2012 novel by Alan Lightman

Mr g is a 2012 novel by Alan Lightman. The book was released on January 24, 2012, by Pantheon Books and the book is narrated by Mr g as he describes the process of creation.

==Synopsis==
Mr g features a fictional depiction of God as he forms Creation and tries to deal with his Aunt Penelope and Uncle Deva, who live in the Void. The book depicts God ("Mr g") as a being that is omnipotent but not omniscient, as the universe is created through "trial and error". Mr g is further bothered by his rival Belhor, who constantly challenges him to explain everything and to exempt humanity from rational laws.

==Themes==
The book features several themes, predominantly the concept of God as a powerful entity that is not all-knowing despite being capable of Creation.

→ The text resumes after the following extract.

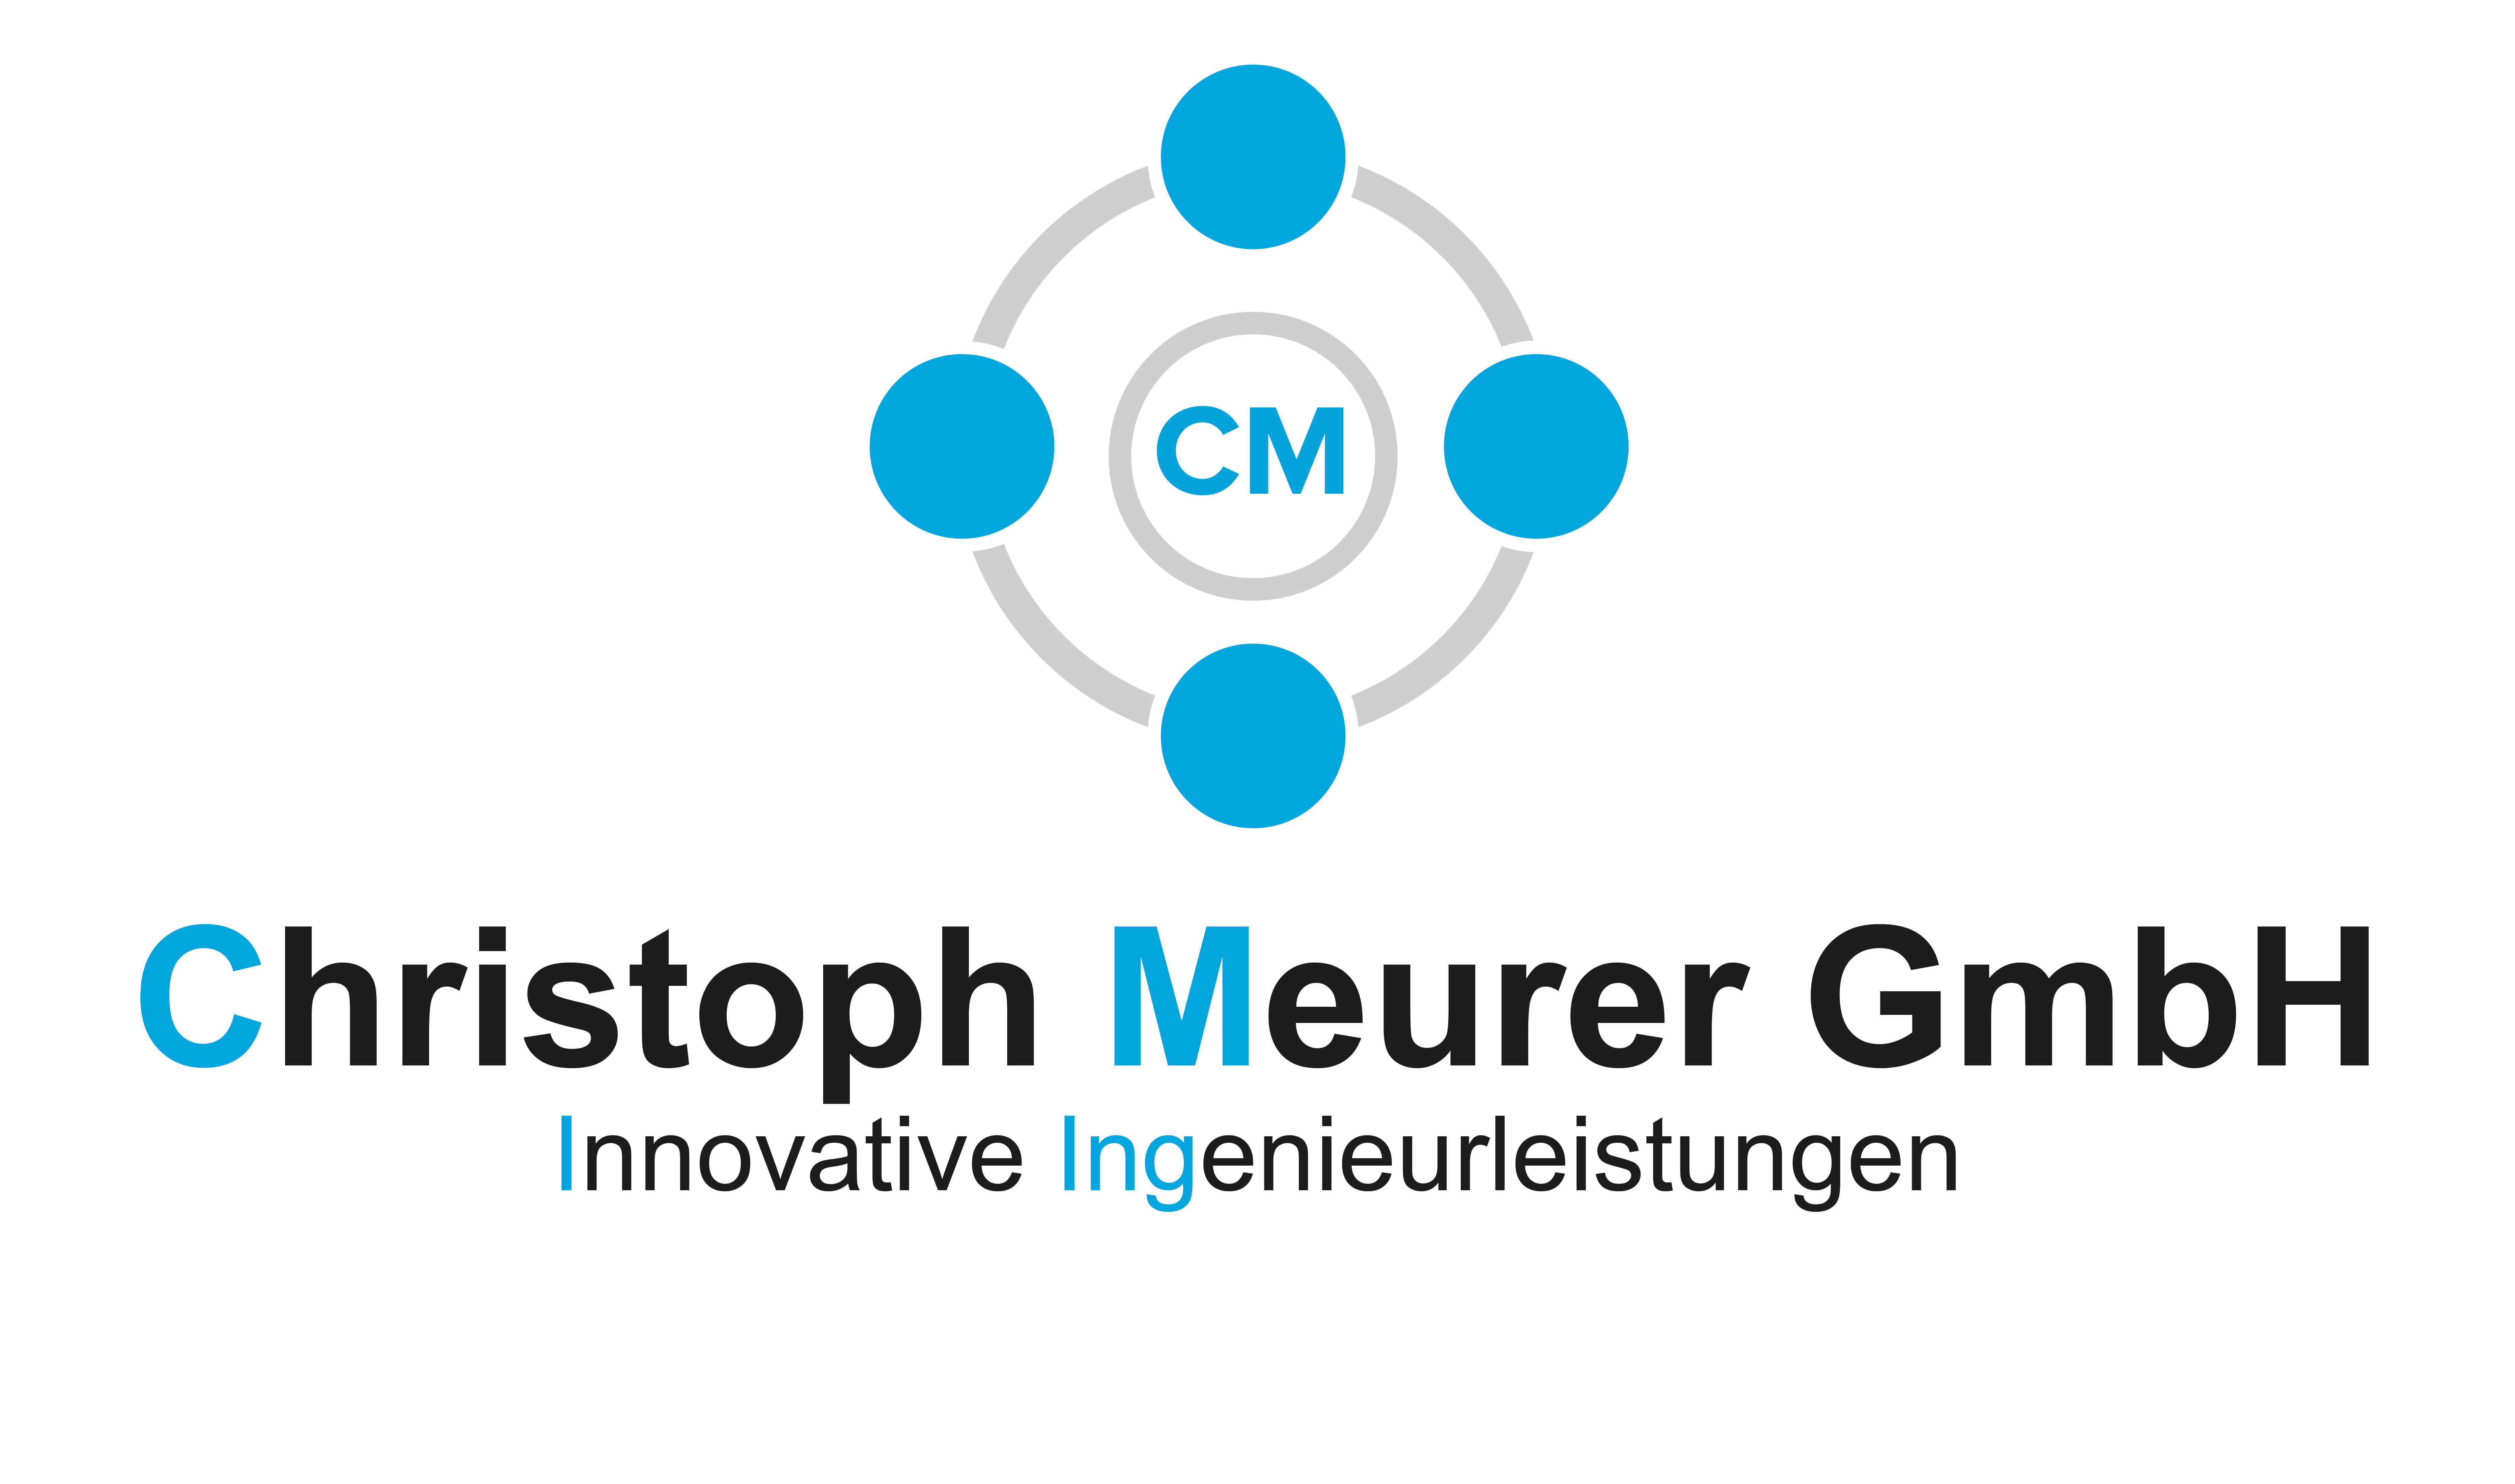 Christoph Meurer GmbH
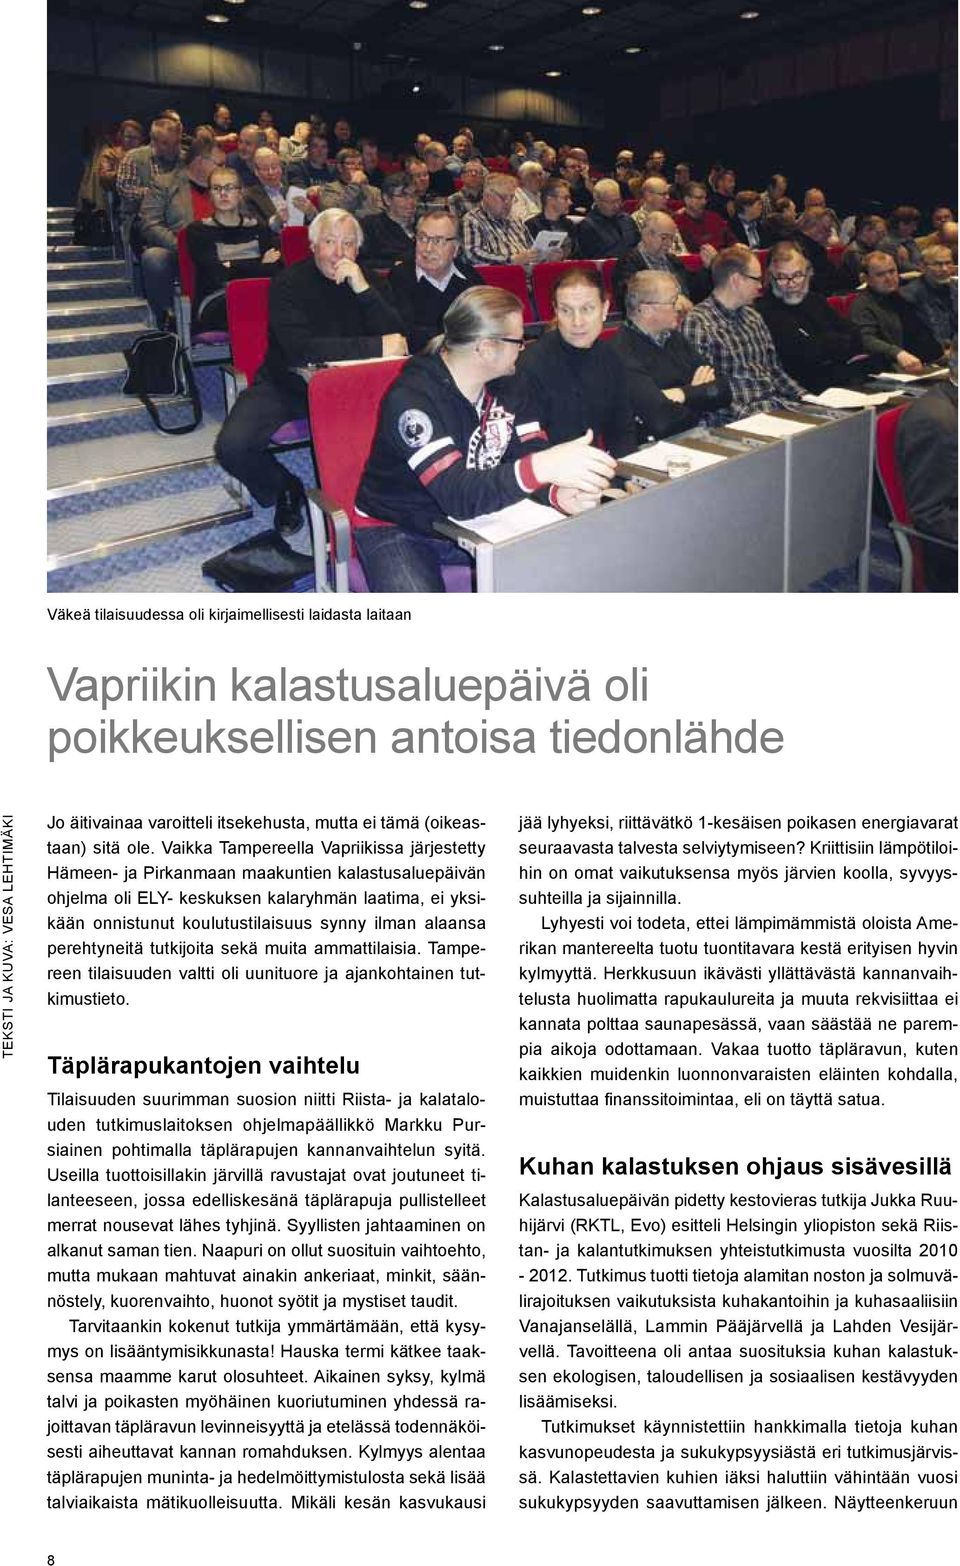 Vaikka Tampereella Vapriikissa järjestetty Hämeen- ja Pirkanmaan maakuntien kalastusaluepäivän ohjelma oli ELY- keskuksen kalaryhmän laatima, ei yksikään onnistunut koulutustilaisuus synny ilman

Lightman was inspired to write the book due to an interest in "the meeting ground of science, theology, and philosophy, especially the ethical questions at the border of science and theology".

==Reception==
Critical reception for Mr g has been mixed, with Toronto's The Star giving an ambivalent review for the book. Detractors of Mr g have cited that the book is overly light for its subject matter and lacked coherency, while critics that praised the novel cited it as "witty" and "imaginative".